### Source material
____________
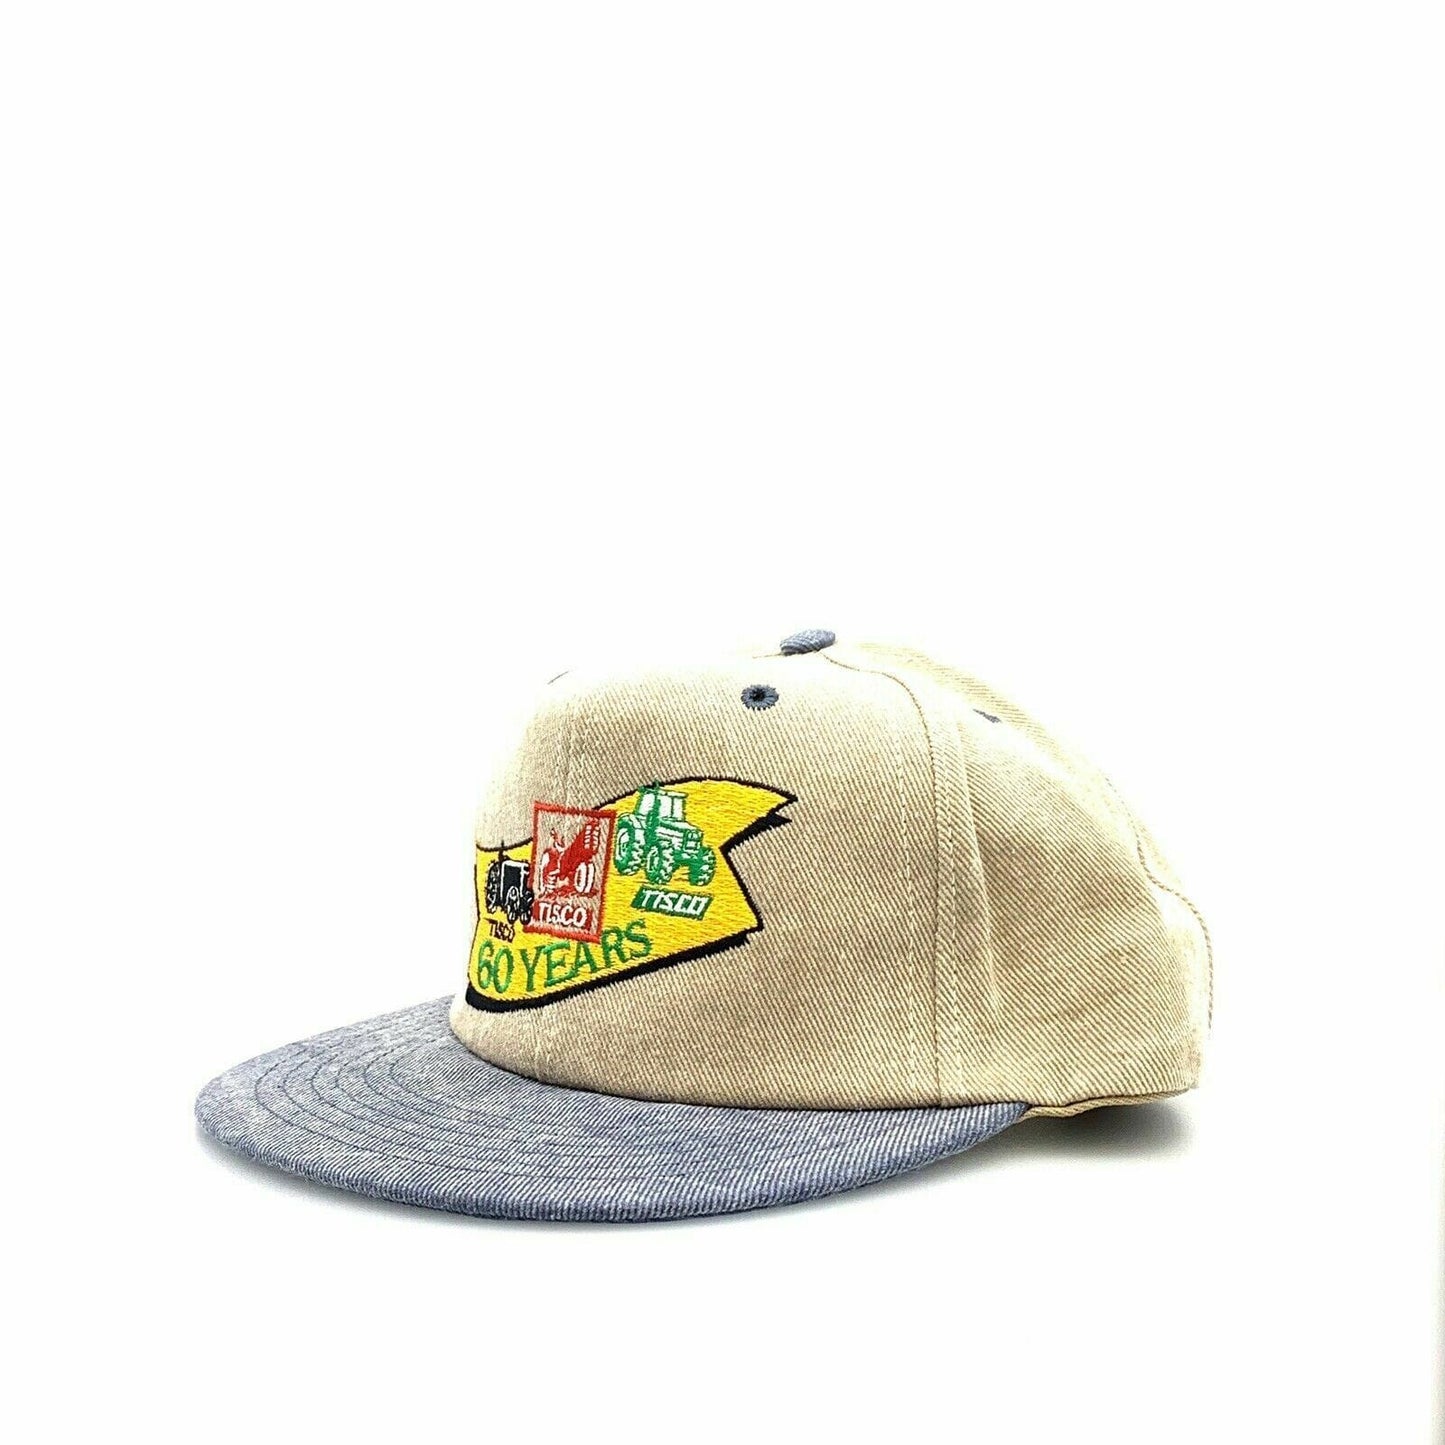 Crown Mfg TISCO 60 YEARS Commemorative Dad Baseball Hat, Beige - OSFA
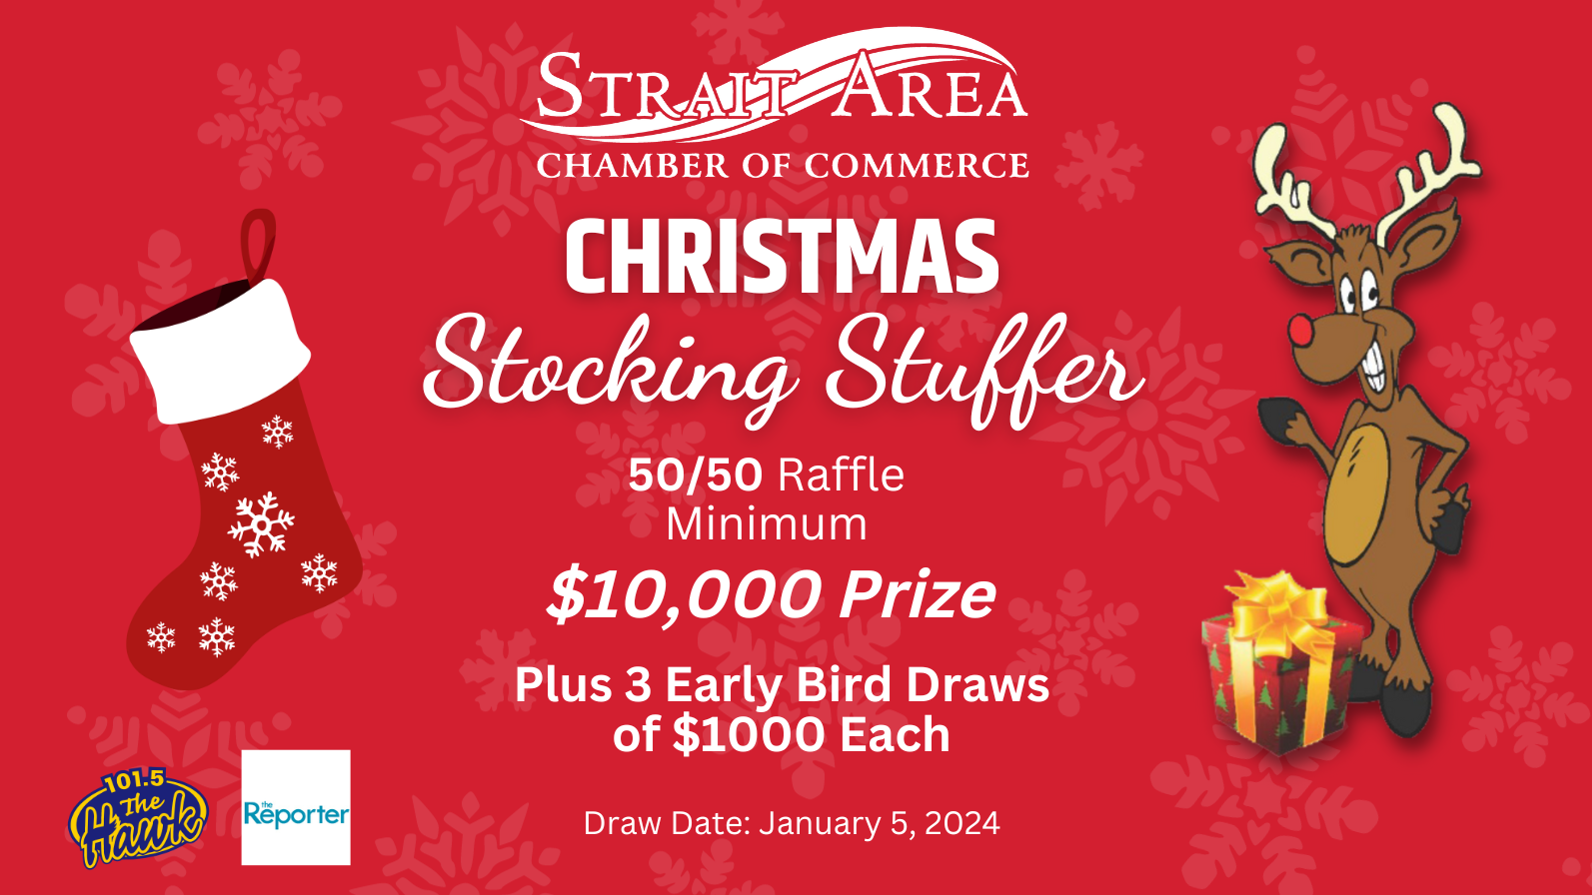 Strait Area Chamber of Commerce Christmas 50/50 Raffle | Rafflebox
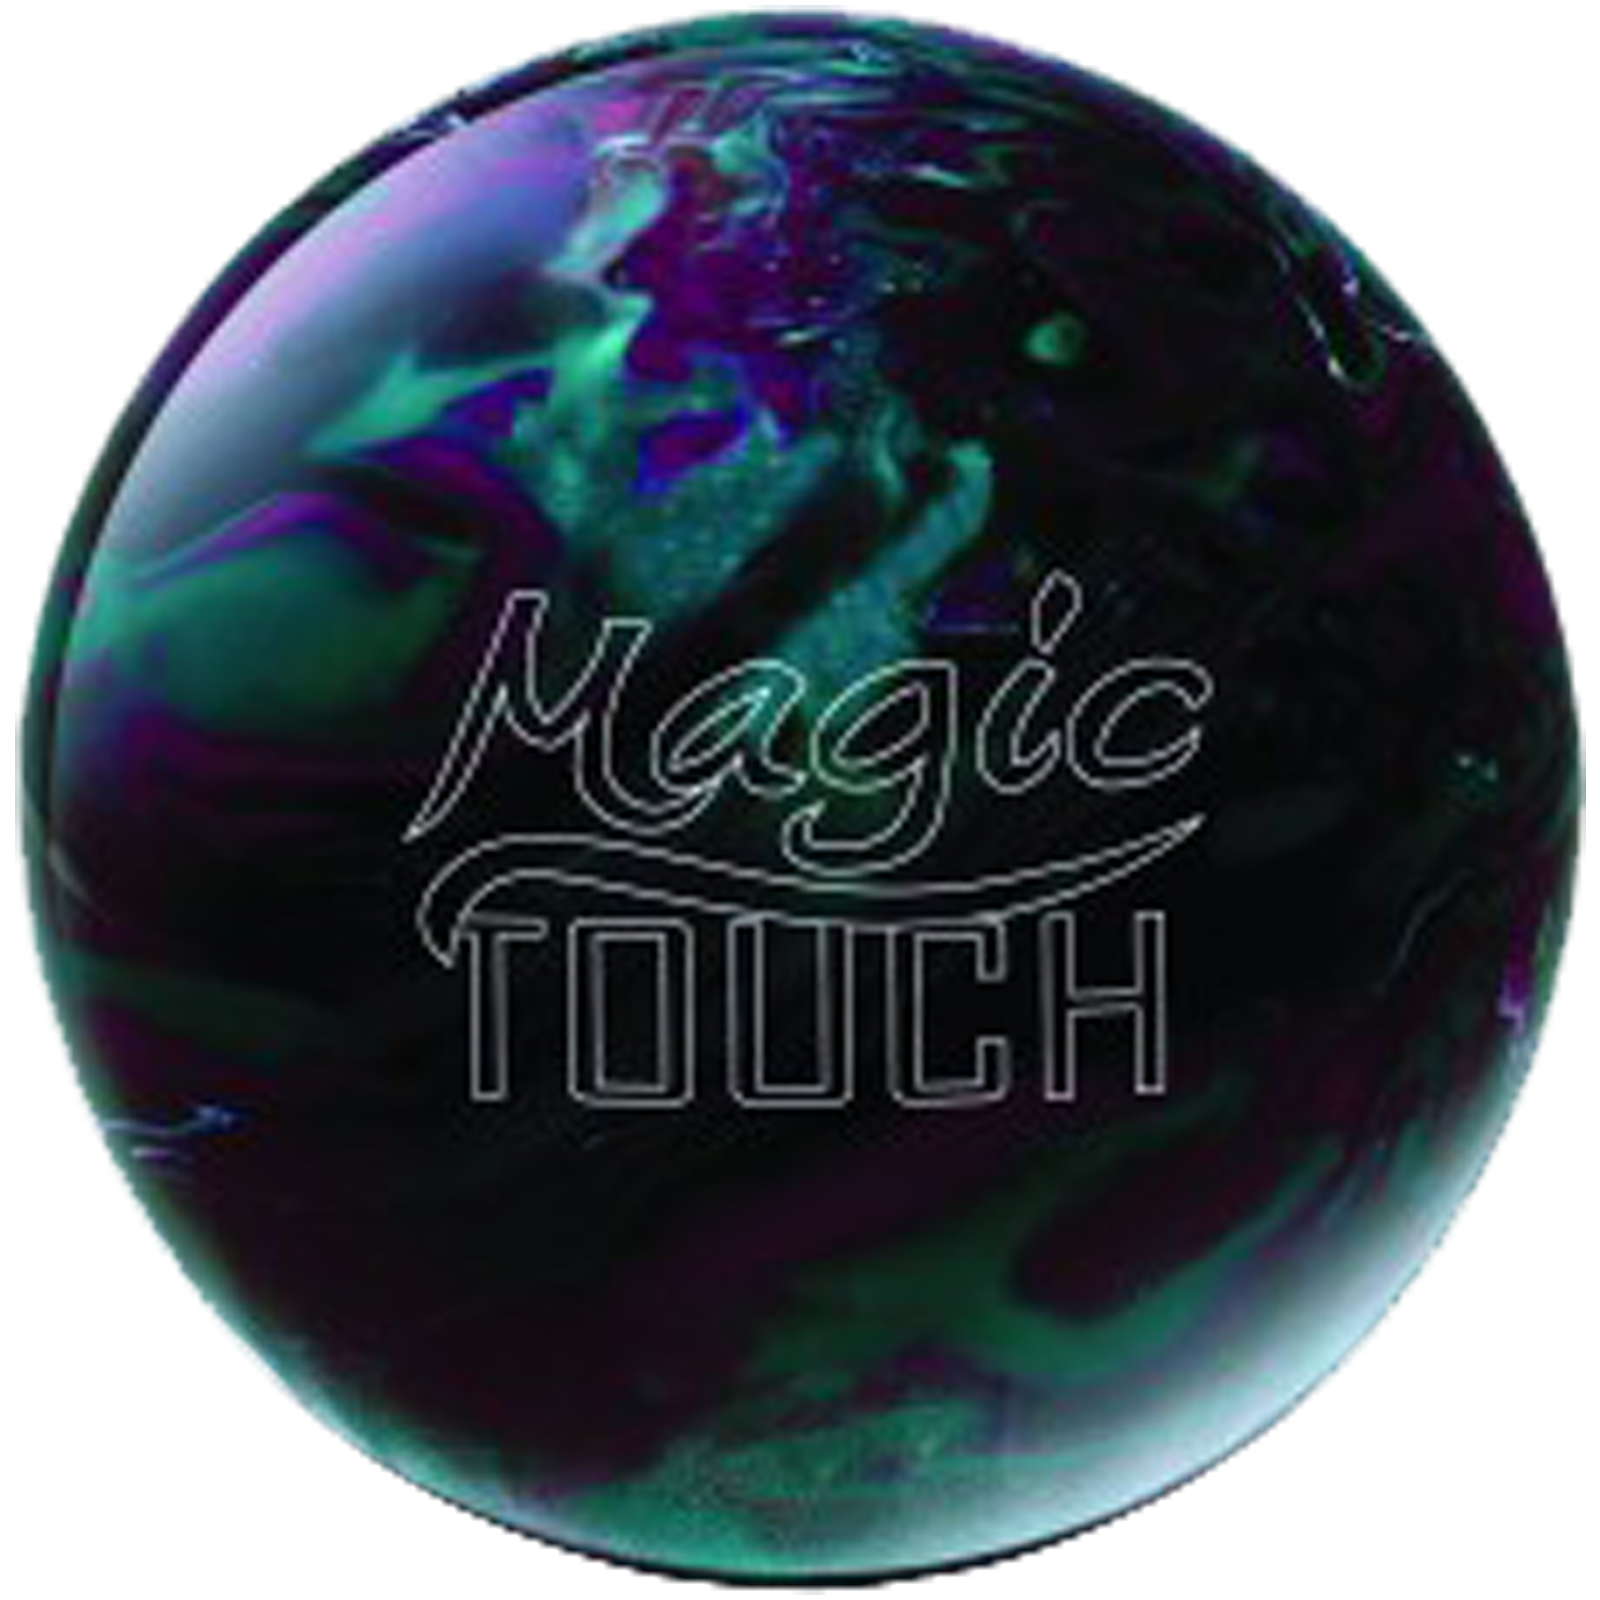 Magic Touch – Ebonite Bowling
____________
### Problem statement
Send back every line of the listing exactly. Omit the images.

### Reply to the task
 Crown Mfg TISCO 60 YEARS Commemorative Dad Baseball Hat, Beige - OSFA
 Strait Area Chamber of Commerce Christmas 50/50 Raffle | Rafflebox
 Magic Touch – Ebonite Bowling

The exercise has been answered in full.